2. Holders of CONFIDENTIEL UE/EU CONFIDENTIAL and SECRET UE/EU SECRET information are duly authorised individuals who have been given access to the classified information in order to be able to perform their duties. They are responsible for the correct handling, storage and protection of such information in accordance with Decision No 41/2021. Unlike originators of classified information, holders are not authorised to decide on the downgrading, declassification or onward release of CONFIDENTIEL UE/EU CONFIDENTIAL or SECRET UE/EU SECRET information.
3. If the originator of a piece of CONFIDENTIEL UE/EU CONFIDENTIAL or SECRET UE/EU SECRET information cannot be identified, the Court of Auditors department holding the classified information shall exercise originator control. If the holder considers it necessary to release CONFIDENTIEL UE/EU CONFIDENTIAL or SECRET UE/EU SECRET information to a third country or international organisation, the Court of Auditors shall seek advice from one of the parties to a Security of Information Agreement with that same third country or international organisation (5).
Article 15
CIS suitable for handling CONFIDENTIEL UE/EU CONFIDENTIALand SECRET UE/EU SECRET information
CONFIDENTIEL UE/EU CONFIDENTIAL and SECRET UE/EU SECRET information shall be handled and transmitted electronically if possible. In line with Article 6 of Decision No 41/2021, only CIS and equipment that have been accredited by another EU institution, agency or body, or by the Court of Auditors, may be used for this purpose.
Article 16
Specific measures for CONFIDENTIEL UE/EU CONFIDENTIALand SECRET UE/EU SECRET information on removable storage media
1. The use of removable storage media, such as USB sticks, CDs, DVDs or memory cards (including SSDs (6)), shall be strictly controlled and accounted for. Only removable storage media provided by the Court of Auditors or by another EU institution, body or agency and approved by the ISO, and encrypted by a product approved by the ISO, may be used. Personal removable storage media and those distributed freely at conferences, seminars, etc. must not be used to transfer classified information. In line with ISO guidance, Tempest-proof removable storage media should be used where possible.
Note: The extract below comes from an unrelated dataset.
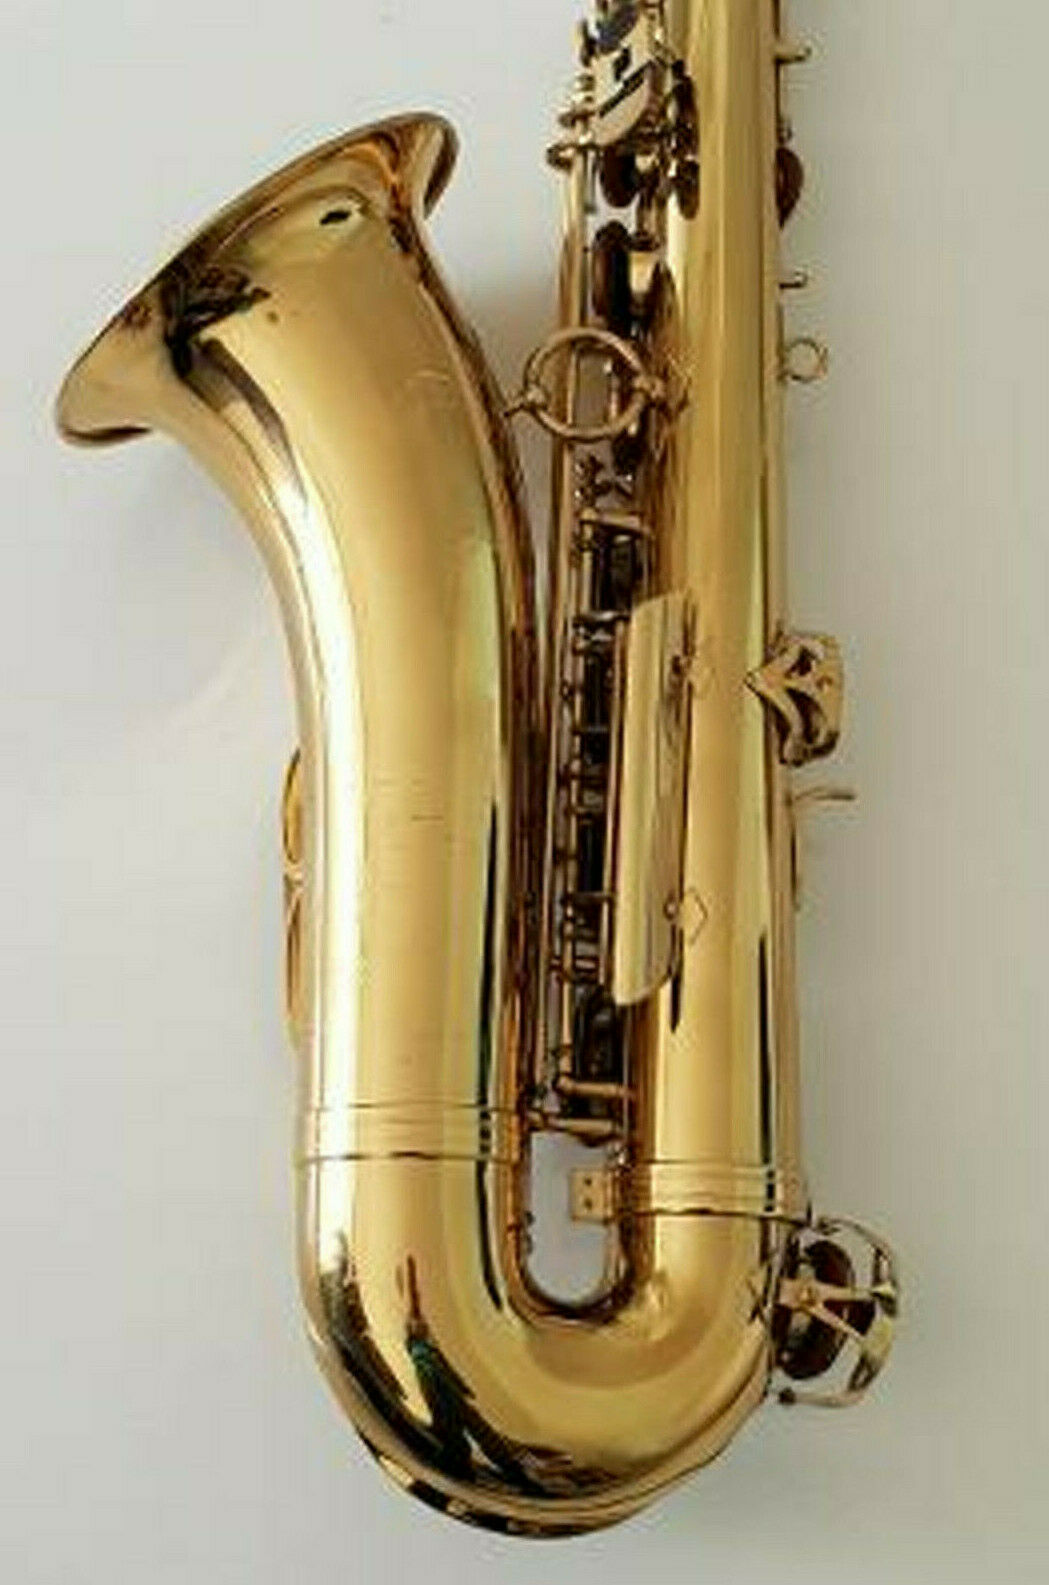 Saxophone Tenor Intermusic Bb Sax in Gold Finish & Hard Case Complete Outfit

2. Where a classified document is handled or stored electronically on a removable storage media, the classification marking shall be clearly displayed as part of the information itself, as well as in the filename and on the removable storage medium.
3. Staff shall bear in mind that, when large amounts of classified information are stored on removable storage media, the devices may warrant a higher classification level.
4. Only properly accredited CIS may be used to transfer CONFIDENTIEL UE/EU CONFIDENTIAL or SECRET UE/EU SECRET information to or from removable storage media.
5. Before downloading such information to a removable storage media, particular care shall be taken to ensure that the media does not contain viruses or malware.
6. Where applicable, removable storage media shall be handled in accordance with security operating procedures relating to the encryption system used.
7. Documents on removable storage media that are either no longer required, or that have been transferred to an appropriate CIS, shall be securely removed or deleted using approved products or methods. Unless stored in an appropriate safe, removable storage media shall be destroyed when no longer needed. Any destruction or deletion shall be done in accordance with the Court of Auditors’ security rules. An inventory shall be kept of removable storage media, and their destruction shall be registered.
Article 17
Handling and storage of CONFIDENTIEL UE/EU CONFIDENTIALand SECRET UE/EU SECRET information
1. In accordance with Article 5(5) and (6) of Decision No 41/2021, CONFIDENTIEL UE/EU CONFIDENTIAL and SECRET UE/EU SECRET information shall be handled in a Secured Area (7). Such information may also be accessed by Court of Auditors staff in Secured Areas of another EU institution.
2. Pursuant to Article 5(6) of Decision No 41/2021, and if specifically agreed by the originator, this information may exceptionally be handled in the Administrative Area (8) of the Court of Auditors, provided the EUCI is protected from access by unauthorised persons.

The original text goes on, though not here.